Mario Draghi: The savior who fell victim to petty political squabbles

The political crisis that has been simmering for months in Rome, centered on the quarrels within the populist 5 Star Movement, has finally torpedoed the disparate governing coalition on the way to the elections scheduled for 2023. Mario Draghi resigned today, paving the way for Italian elections.

The former Italian prime minister arrived in the guise of the savior of the eurozone in 2012: Mario Draghi, who took over as prime minister in February 2021 to save Italy from withering, quit today, a victim of the petty political squabbles that have plagued Italian politics for ages. life, APE-MPE reported, citing AFP.

The latest attempt to withdraw failed yesterday. A “new trust pact, honest and concrete” is needed, Mario Draghi said to the Italian Senate, to no avail.

The Italian prime minister was finally abandoned before the vote of confidence not only by the 5 Star Movement, but also by its right-wing partners, the League and Forza Italia, who failed to overcome their own fates.

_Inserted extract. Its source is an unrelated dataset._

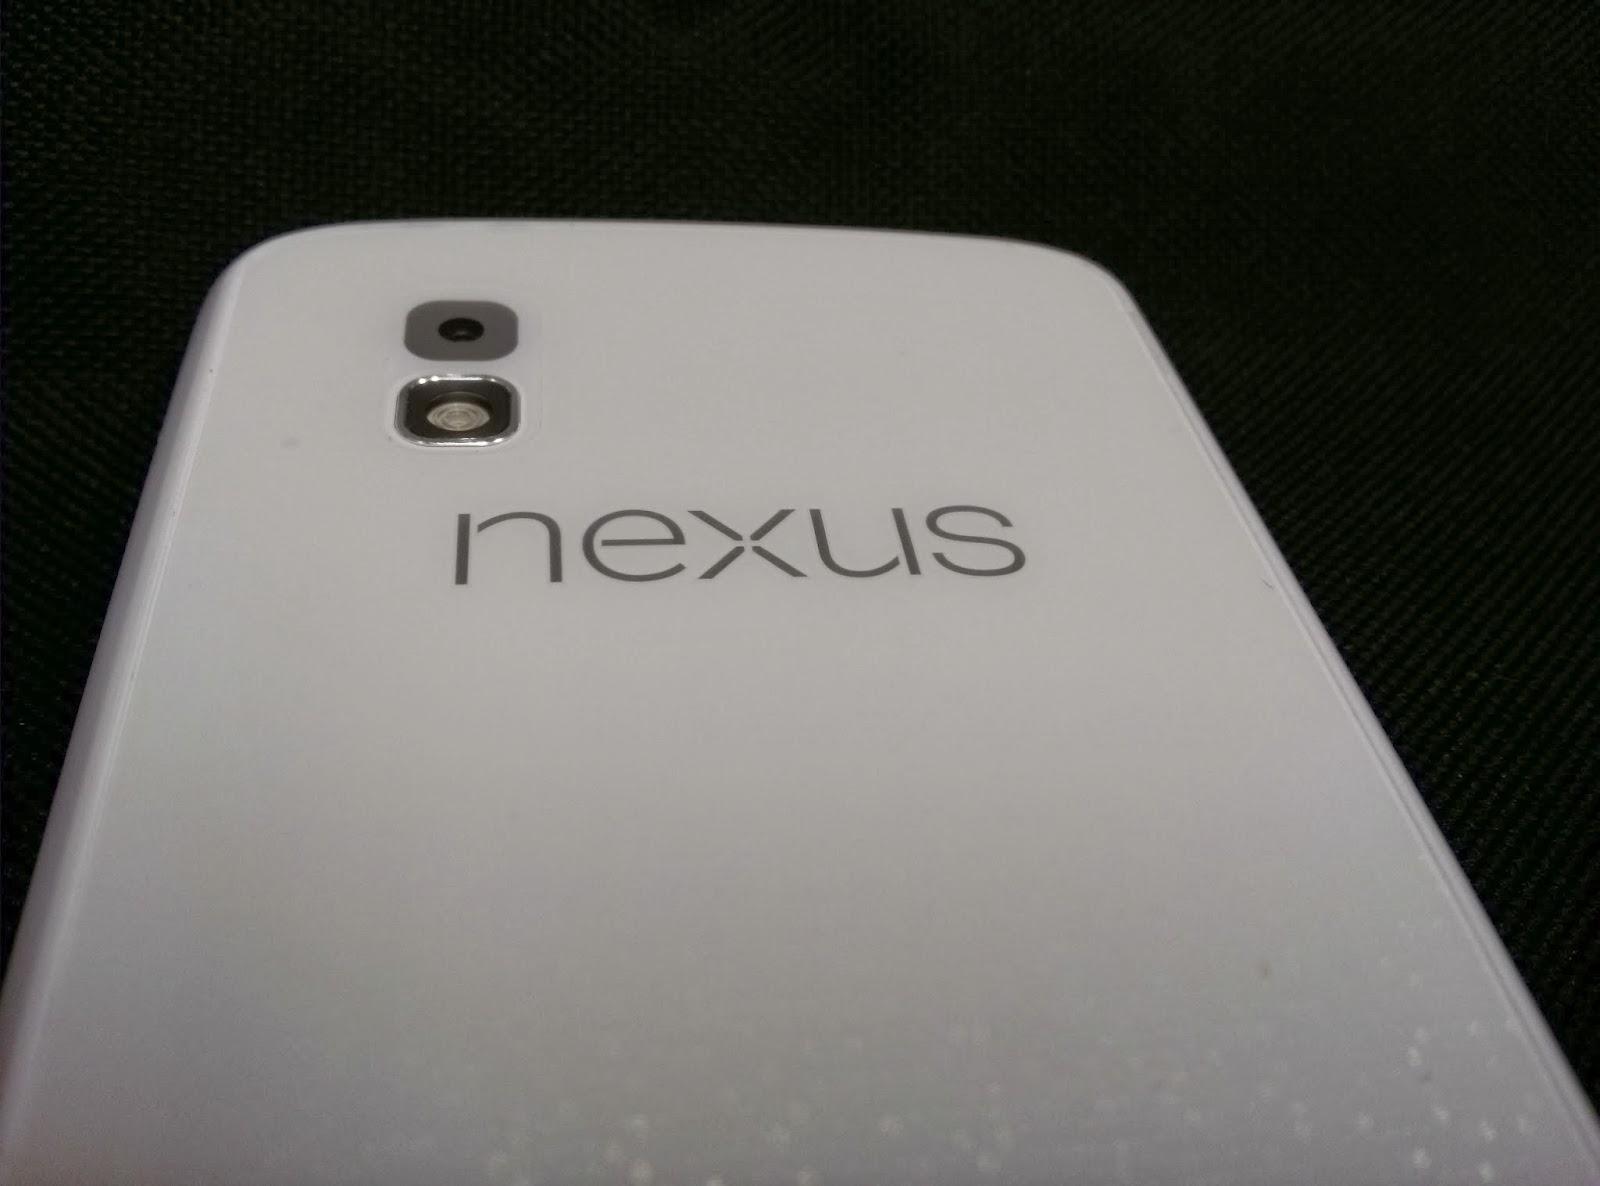 La Web Del Yuyo: Tutorial: Rootear Nexus 4 (Mako) con Nexus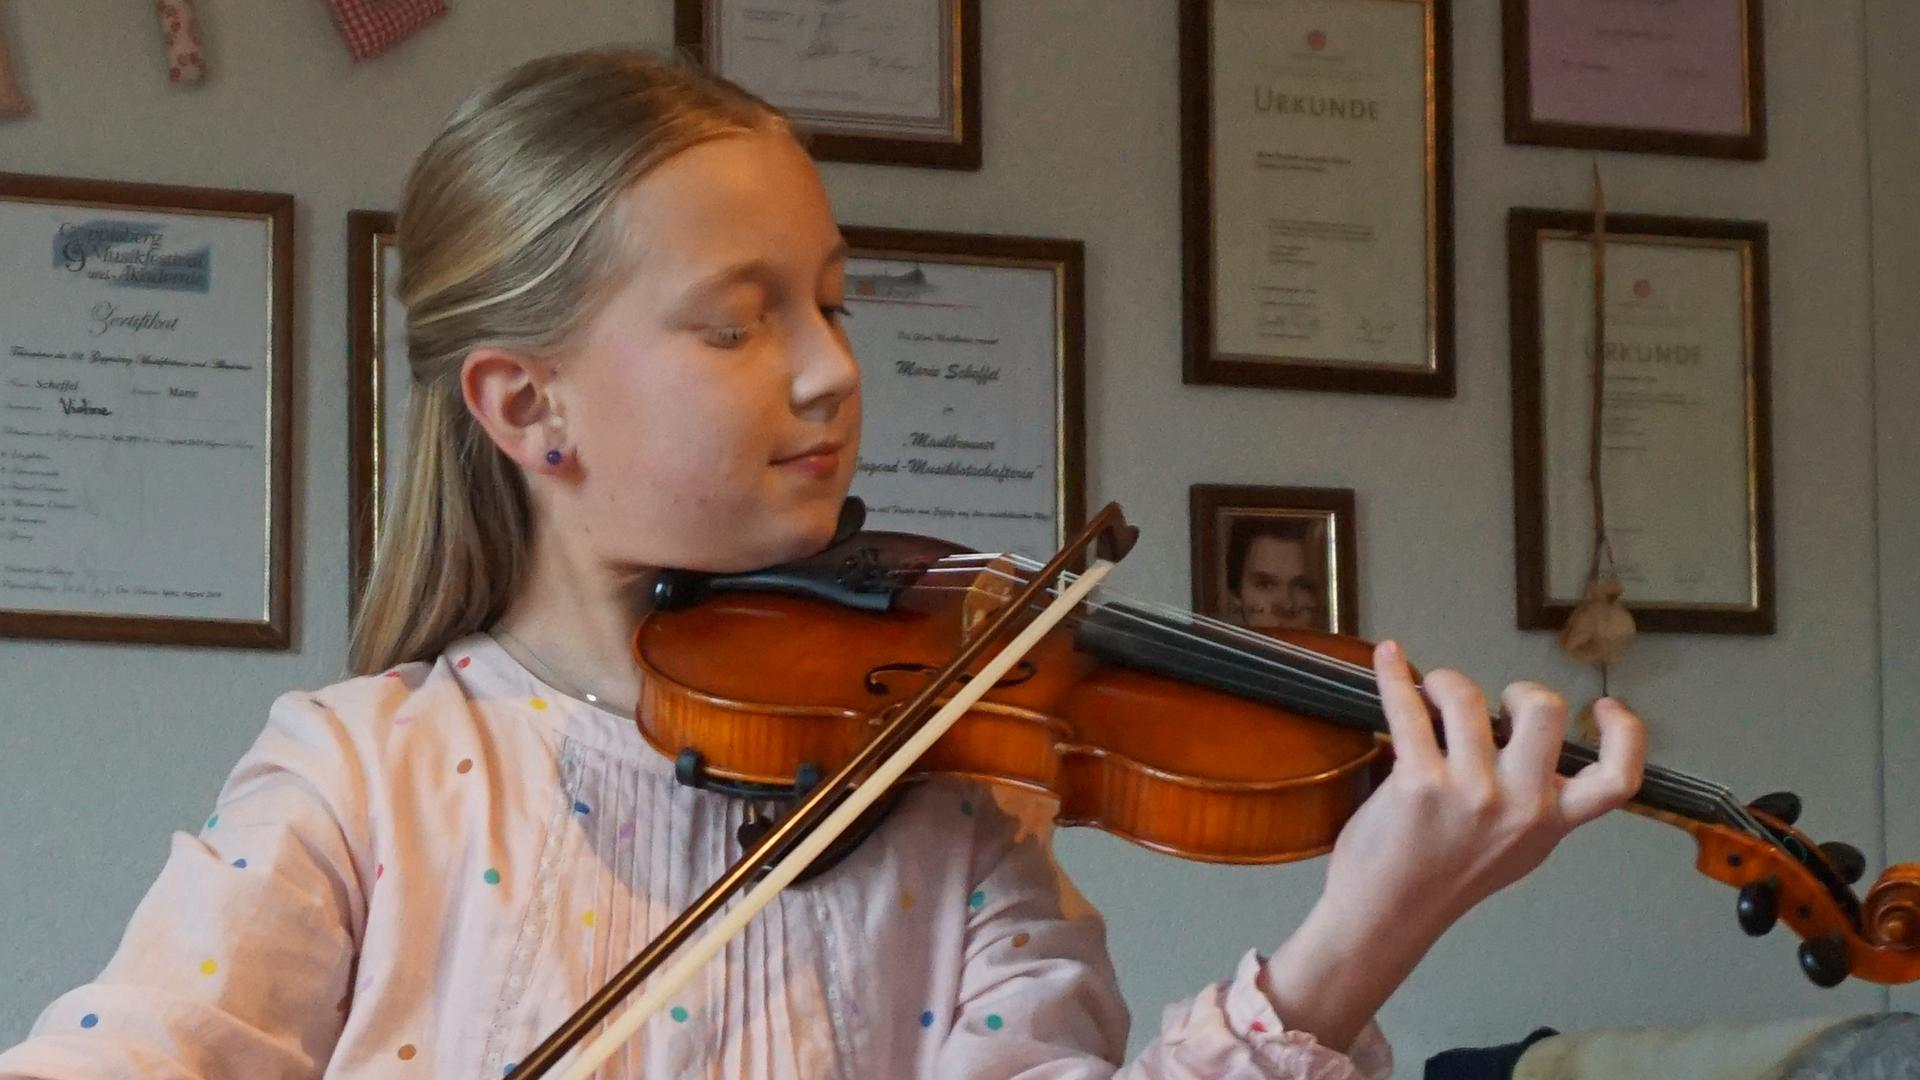 Marie Scheffel bei ihrem virtuosen Violinspiel.

In February 2021, Mr Mario Draghi he had accepted the offer of the president of the Italian Republic to become prime minister to get Italy out of the health, economic, political crisis and to negotiate with Brussels an economic recovery plan from which Italy received the lion’s share.

Above the parties

A highly partisan and respectable personality, he proved to be a formidable negotiator who governed the country by leading a motley governing coalition of competing political parties that marched on the edge of prosperity.

The clashes with the factions of the coalition, whether it was the populist nebula of the 5 Star Movement or the far-right League of Matteo Salvini, they were not missing.

With the image of the “ambassador at the service of the institutions”, he had already given the first signs of arrhythmia appeared since December, when Mario Draghi was going to claim the presidency of the Italian Republic. The coalition parties put up a barrier, an experience that filled him with bitterness.

His motto however was “we never give up”as he had stated to the press before handing over the position of head of the European Central Bank to Christine Lagarde in October 2019, after a tumultuous tenure.

For Benoît Quéré, a former member of the ECB’s executive board, Mario Draghi “has a deep sense of the service of the public interest and the debt”.

But he is about to abandon ship just as Italy faces his shock war in Ukraine, with a new wave of the pandemic, with the preparation of the 2023 budget and with the obligation to implement all the reforms that Brussels requests from Rome so that Italy can benefit from the 200 billion euro package of the recovery plan.

International radiation

Μάριο ΝτράγκιΜάριο ΝτράγκιMario Draghi

During his leadership, from 2011 to 2019, the European Central Bank he took measures unimaginable in the early days of the euro 20 years ago: cutting interest rates into the negative, injecting liquidity through massive bond purchases in the markets and granting huge loans to banks.

Faced with the threat of a collapse of the Eurozone, Super Mario was ready for everything… “whatever it takes” to support the monetary union. Those magic words that Mario Draghi uttered at the time calmed the markets and saved, by all accounts, the euro.

His crucial tenure at the ECB gave Mario Draghi international prestige. The assumption of the prime ministership by a person of his caliber has restored Italy to the first European circle and ensured for Europe the certainty of the presence of a leader that can be relied on. Honoring him, the Economist speaks of a “prime minister worthy and respected on the international stage”.

Married and father of two children Mario Draghi received a Jesuit education and is holder of a PhD in Economics from the Massachusetts Institute of Technology (MIT).

After representing his country at the World Bank from 1984 to 1990, in 1991 he became director general of the Ministry of Economy and Finance orchestrating the large privatizations of the period 1996-2001. In 2002 he joined Goldman Sachs, a position that continues to draw criticism today.